The first American postcards with pictures were introduced in 1873 by the Morgan Envelope Factory of Springfield, MA. Later the same year the first pre-stamped penny postcards came on the scene depicting the Interstate Industrial Exposition in Chicago, although these weren’t intended to be sold as souvenirs. The first to be sold as souvenirs in the US advertised the World’s Columbian Exposition in Chicago during 1893. This event did much to popularize them.
Until May 1898, the Post Office was the only entity allowed to print them. But that changed with the passage of the Private Mailing Card Act which allowed private companies to produce them. However, the US government prohibited calling them "postcards,” up until December 1901. So, during that time they were known as "souvenir cards" and had to be labeled "Private Mailing Cards.”
But, even then they couldn’t have a divided back and messages had to be written on the front. It wasn’t until March 1907 postcards with divided backs came into being. Messages were written on the left and the right side was reserved for the address. In 1908, about 680 million postcards were mailed.
Postcard enthusiasts generally classify cards according to the specific era in which they were created.

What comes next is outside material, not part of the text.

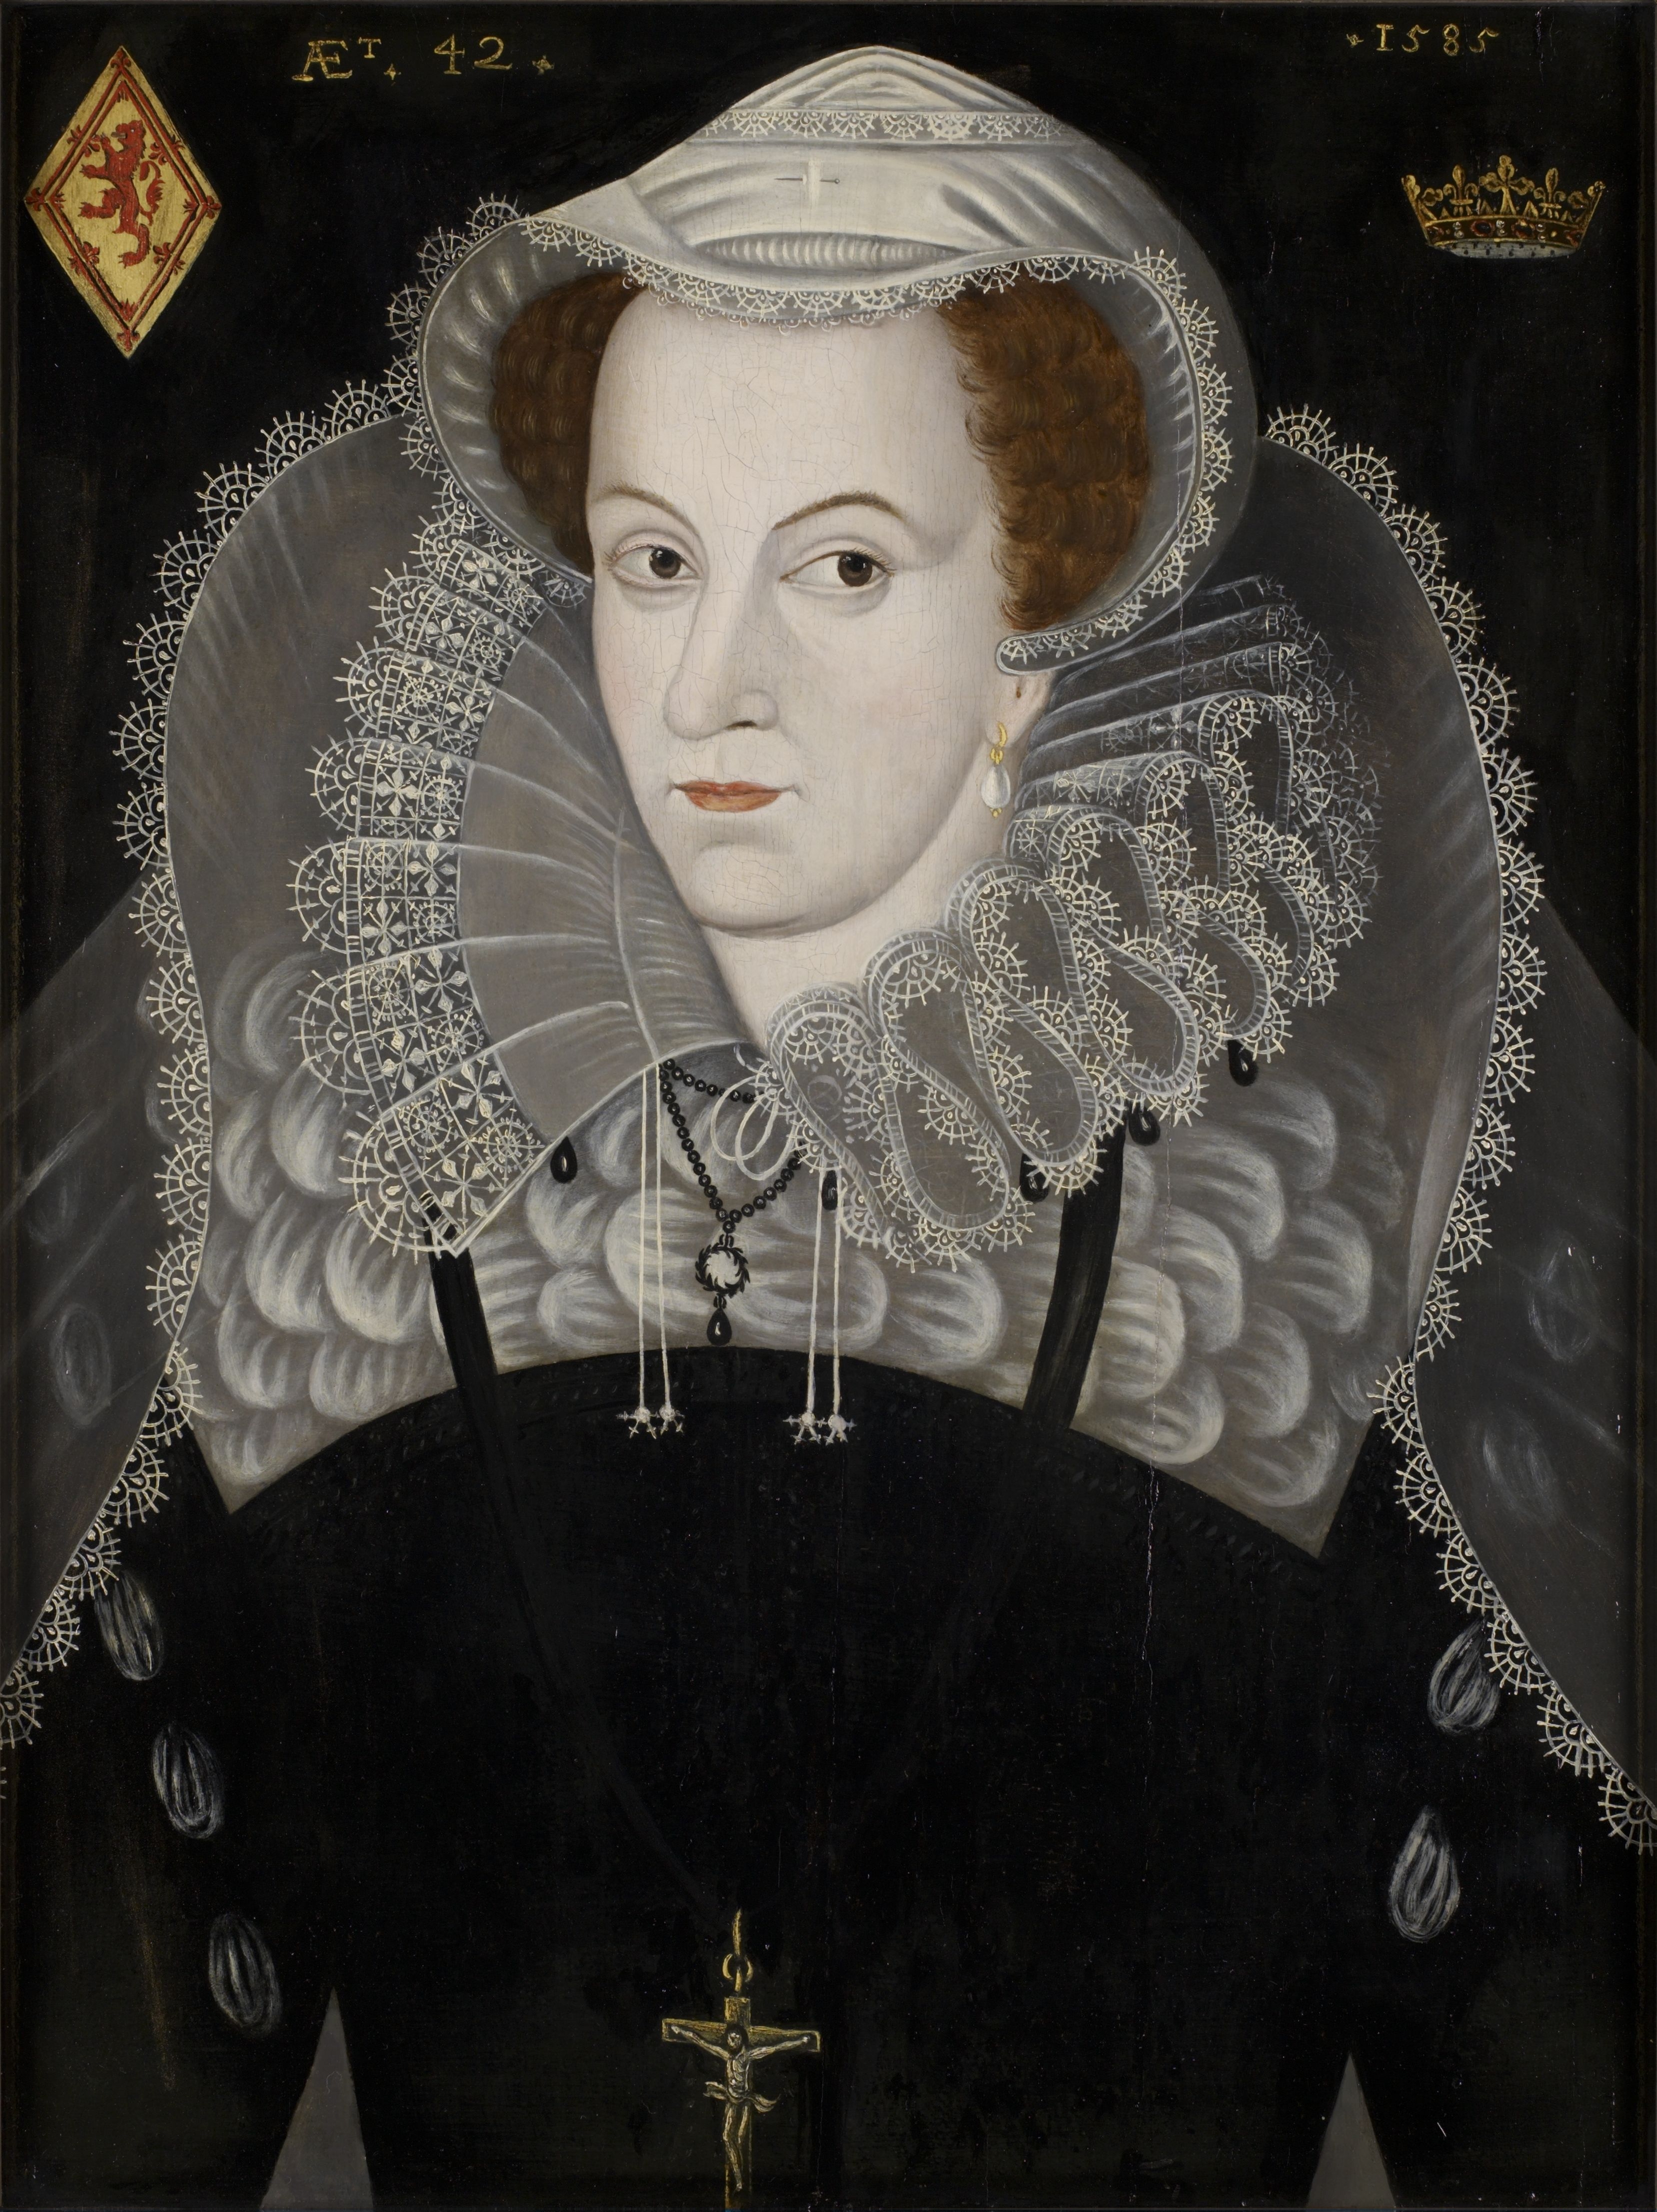 http://upload.wikimedia.org/wikipedia/commons/4/4a/Mary_I_Queen_of_Scots.jpg

They are:
· Pre-Postcard Era, 1840 - 1869
· Pioneer Era, 1870-1898
· Private Mailing Card Era, 1898-1901
· Undivided Back Era, 1901-1907
· Divided Back Era, 1907-1915
· Early Modern Era (White Border), 1916-1930
· Linen Card Era, 1930-1945
· Photochrome Era, 1939-present
These classifications can be broken down even further into subcategories which are determined by, design, materials and techniques used in their production and subject matter. As an example certain cards were made featuring specific subjects such as famous structures, trains and locations. These are usually referred to as View Cards and offer historic reference to buildings, streets and even towns which may no longer exist. And then there are:
Of course, there is always a group that defies being classified with the ordinary. With postcards, this was a cartoon style some referred to as saucy seaside. They became very popular in Britain during the 1930s and often pushed the limits of common decency with their coarse humor. However, in the 50s the government noticed a gradual loss of morals in society and restricted their publication. But in the 60s, considered a more liberal era, they made a brief comeback and during the 80s fizzled out altogether due to poor quality. Original ones are now highly sought after.